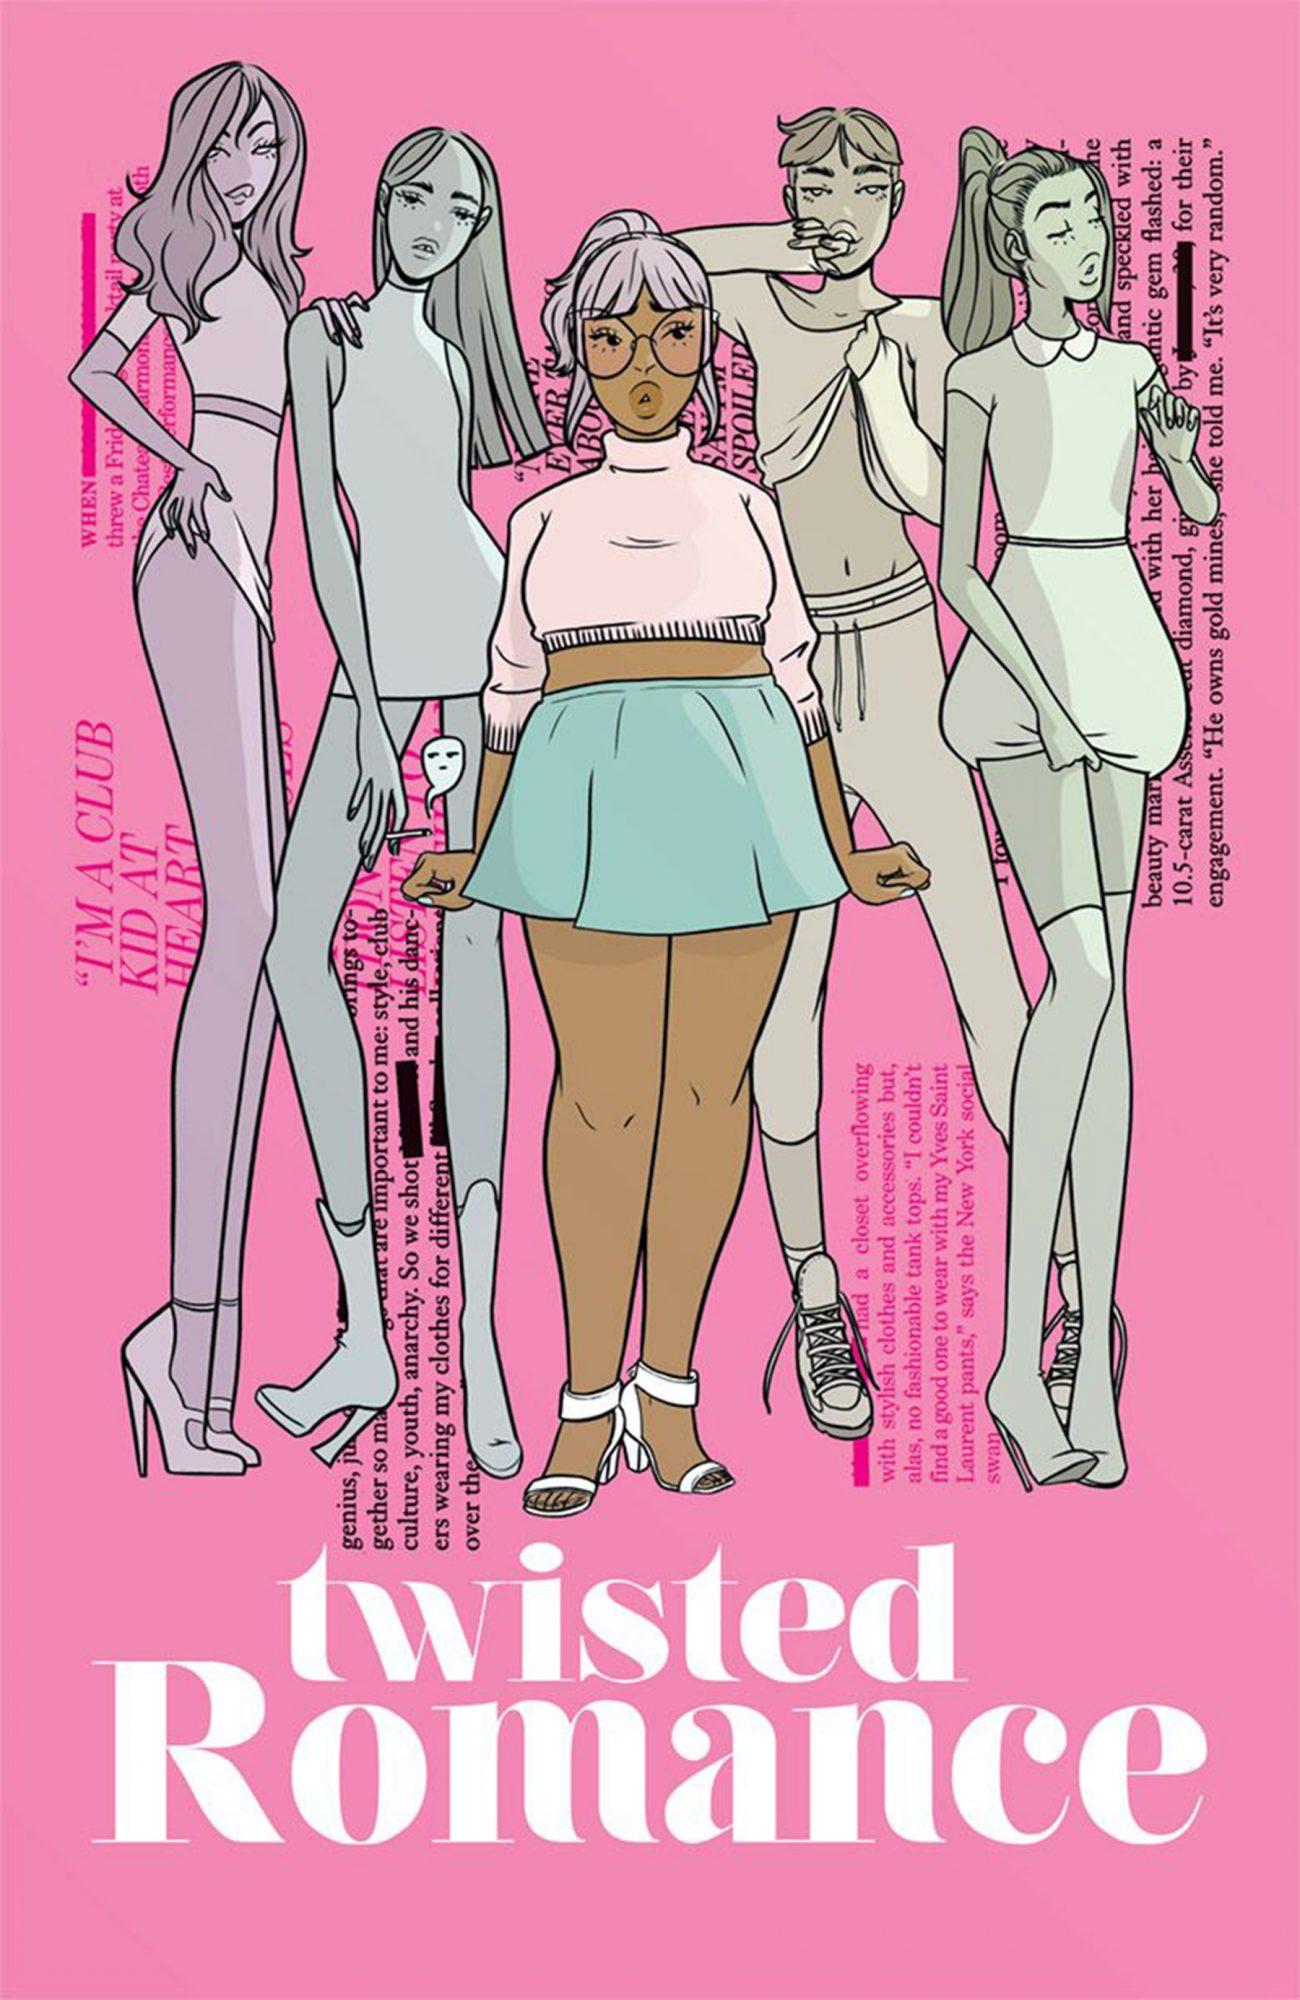 Twisted RomanceCredit: Image Comics
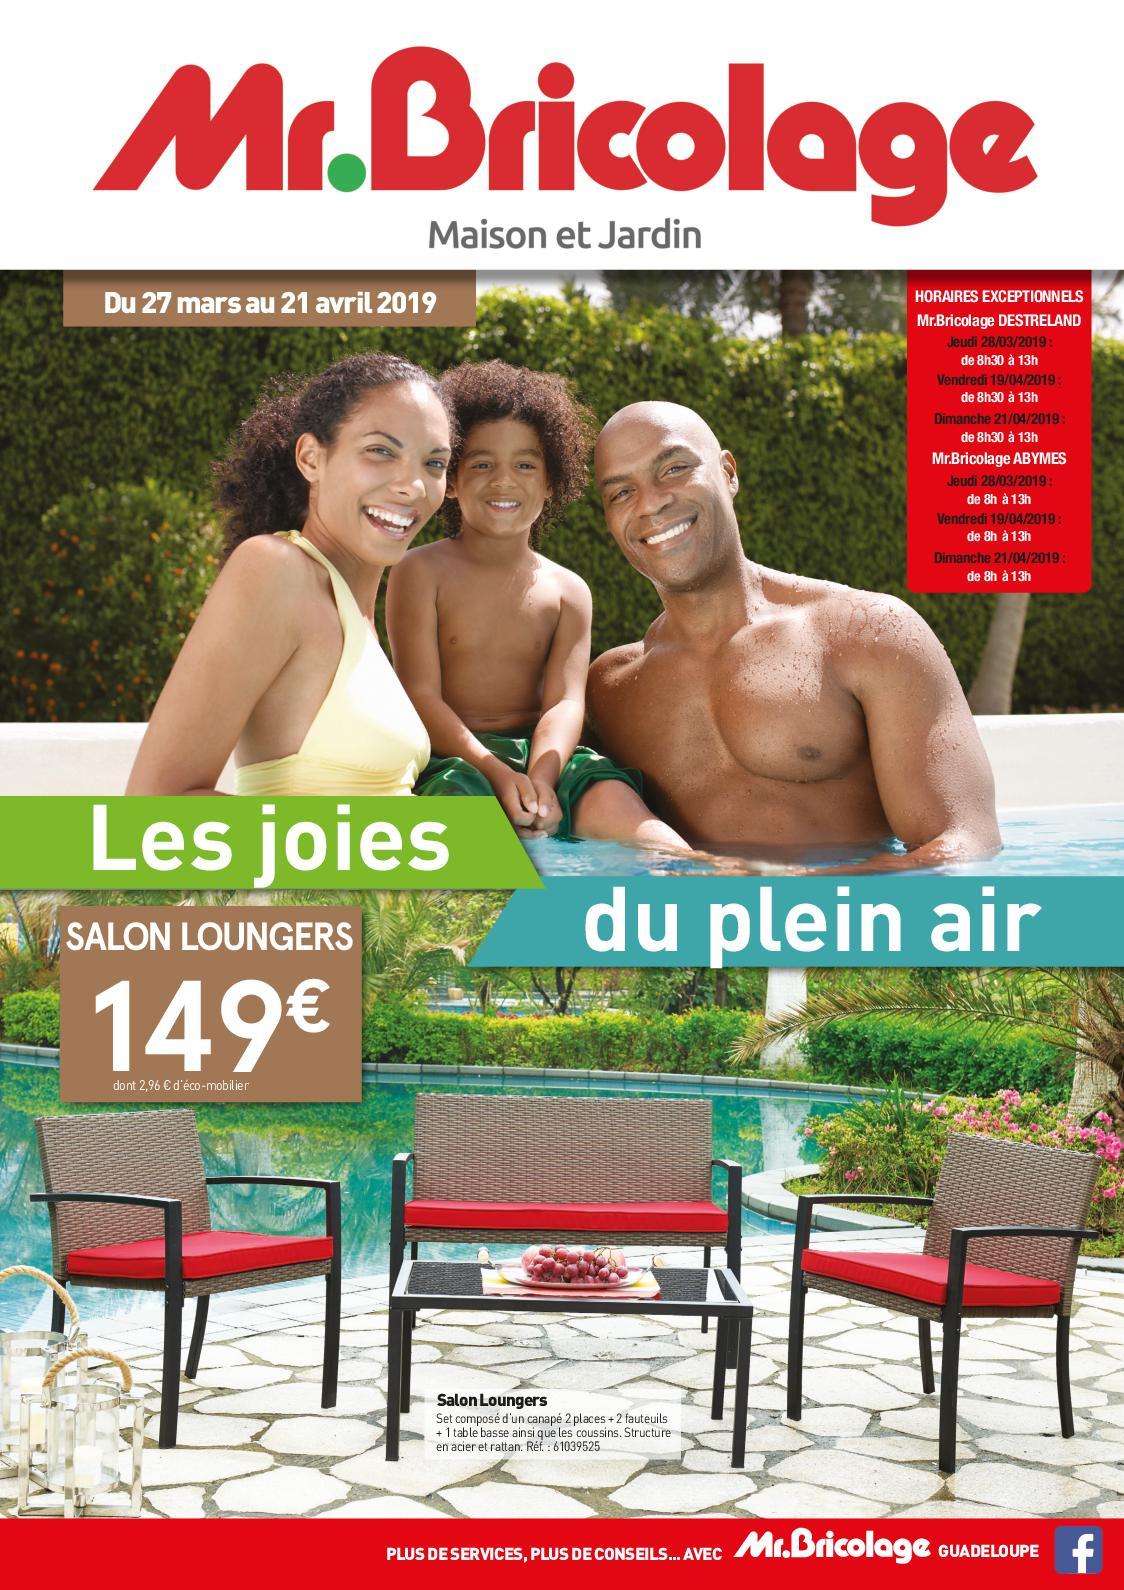 Calaméo - Mr Bricolage Guadeloupe - Catalogue Plein Air 2019 concernant Mr Bricolage Piscine
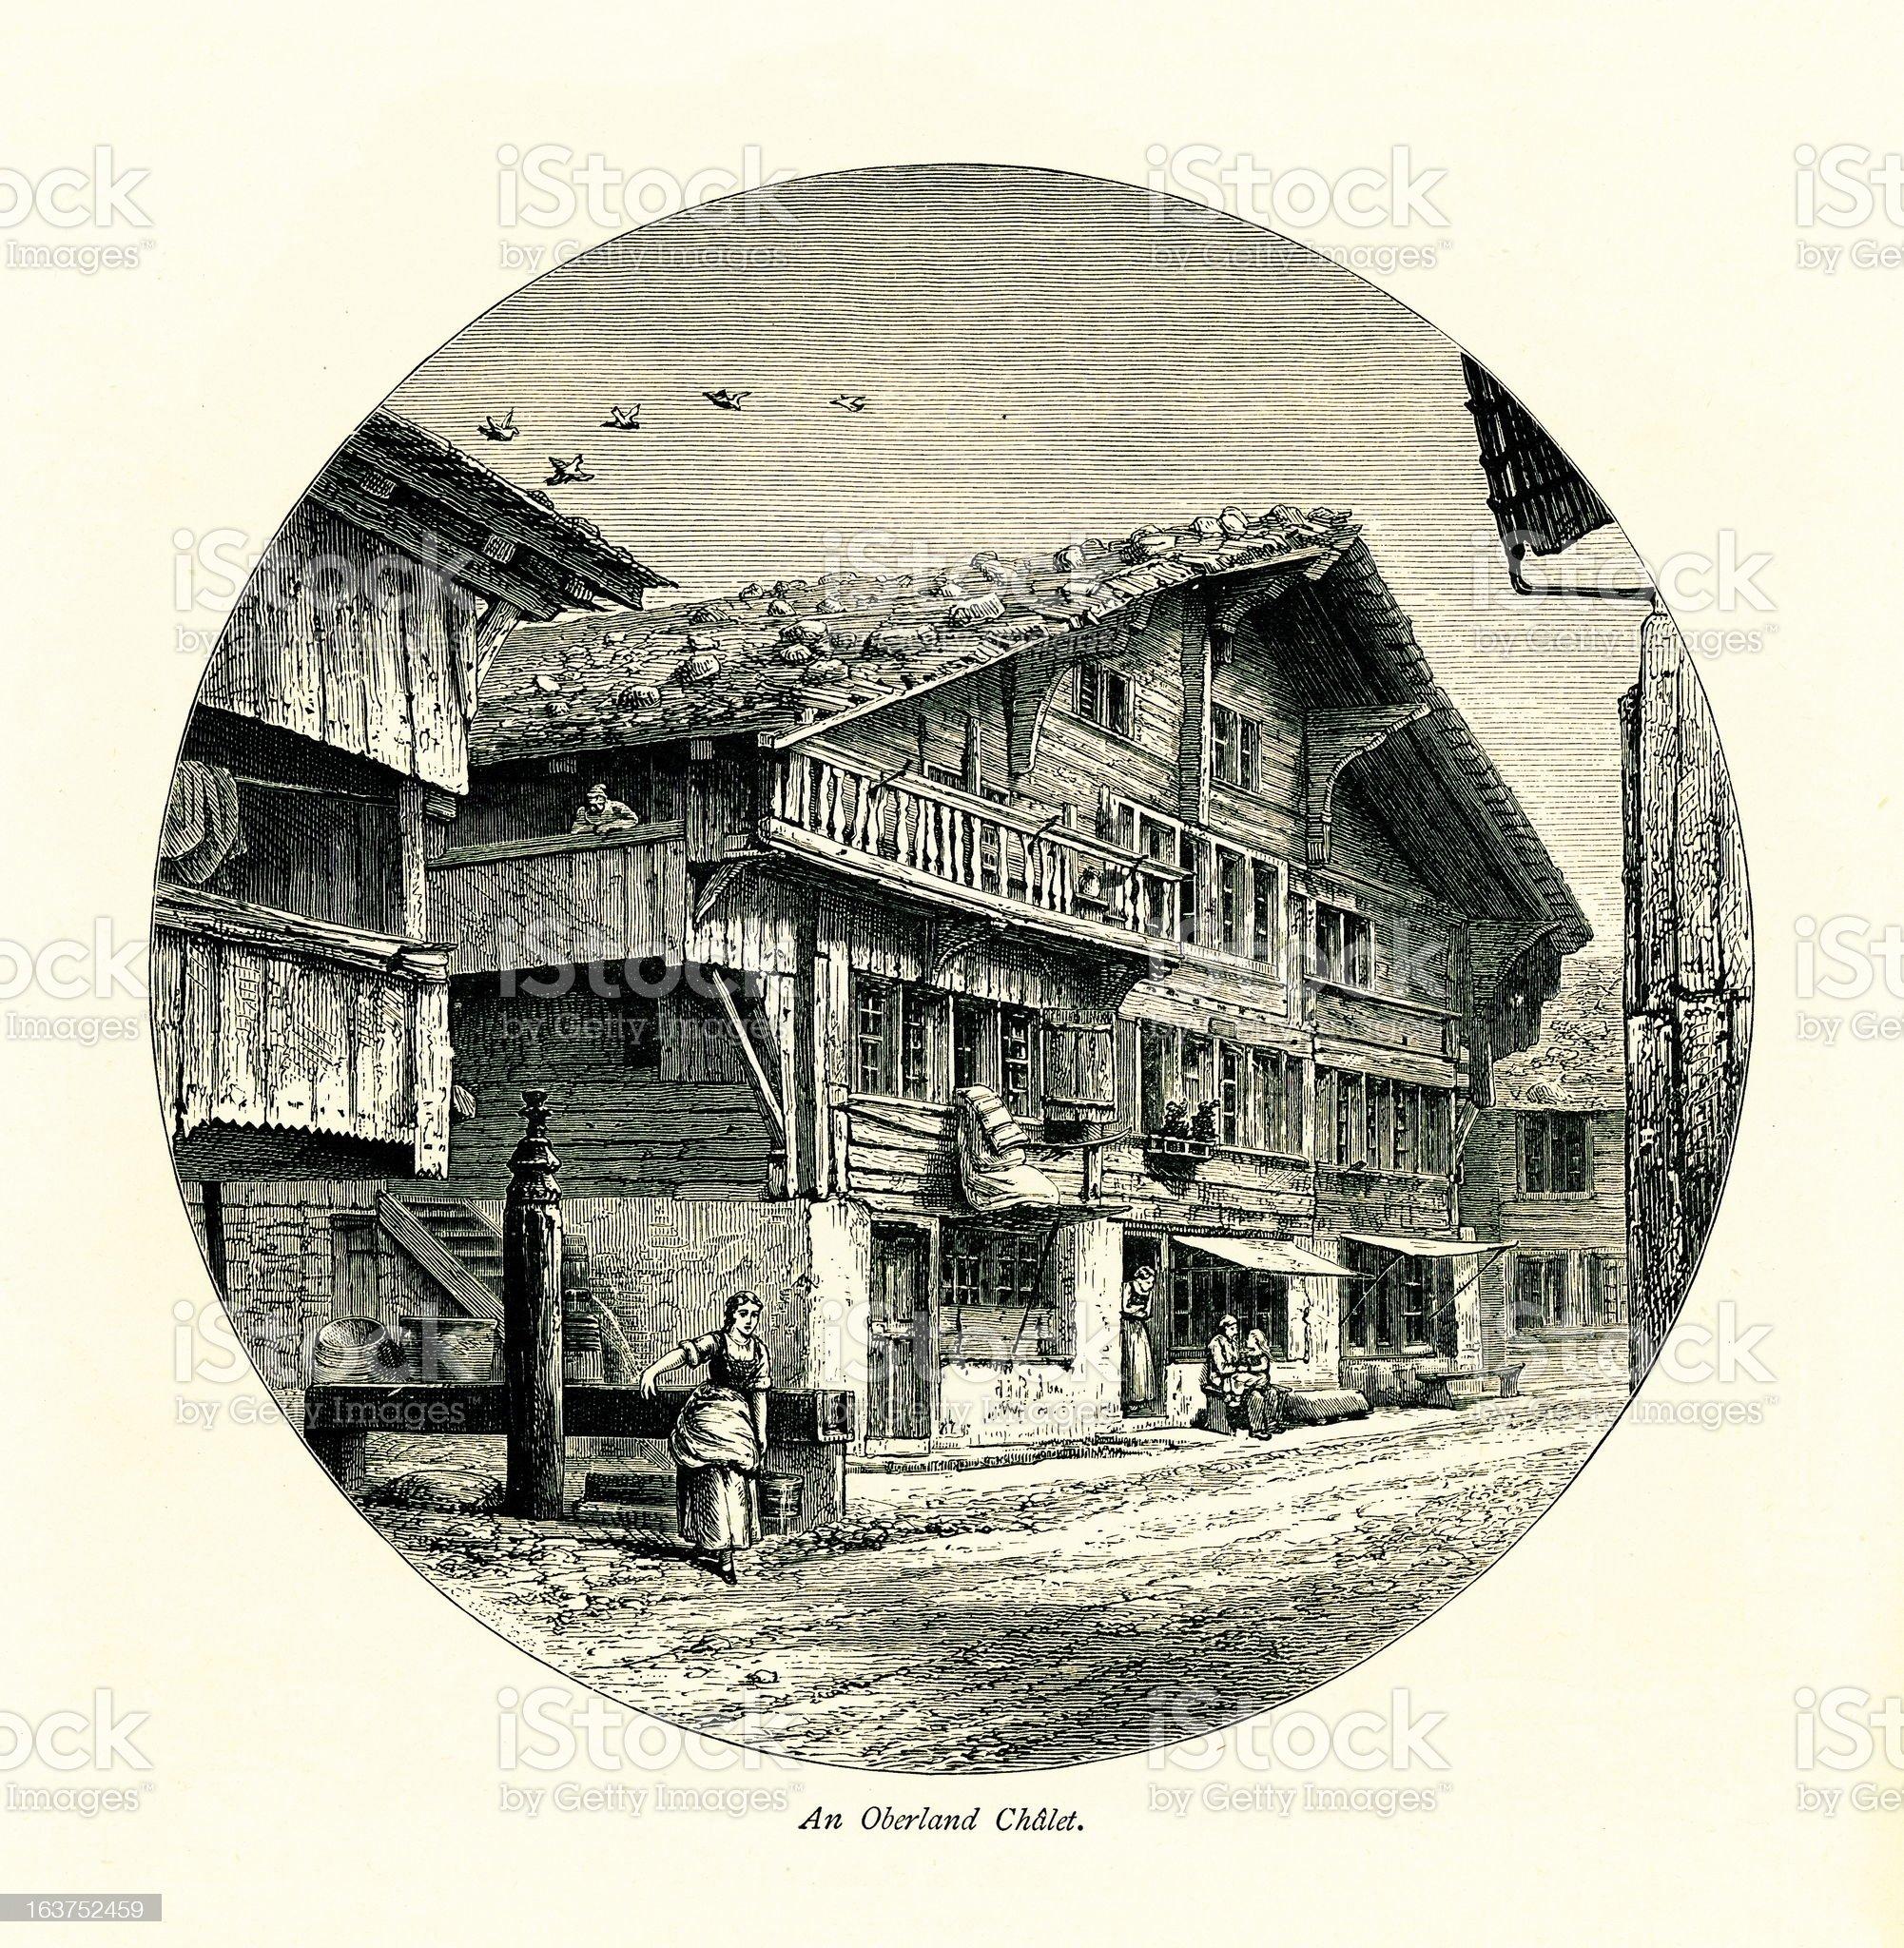 Oberland chalet, Switzerland I Antique European Illustrations royalty-free stock vector art

▶ _GOAL OF THE EXERCISE_
With images omitted, output the data exactly as given.

▶ _SOLUTION BELOW_
 Twisted RomanceCredit: Image Comics
 Calaméo - Mr Bricolage Guadeloupe - Catalogue Plein Air 2019 concernant Mr Bricolage Piscine
 Oberland chalet, Switzerland I Antique European Illustrations royalty-free stock vector art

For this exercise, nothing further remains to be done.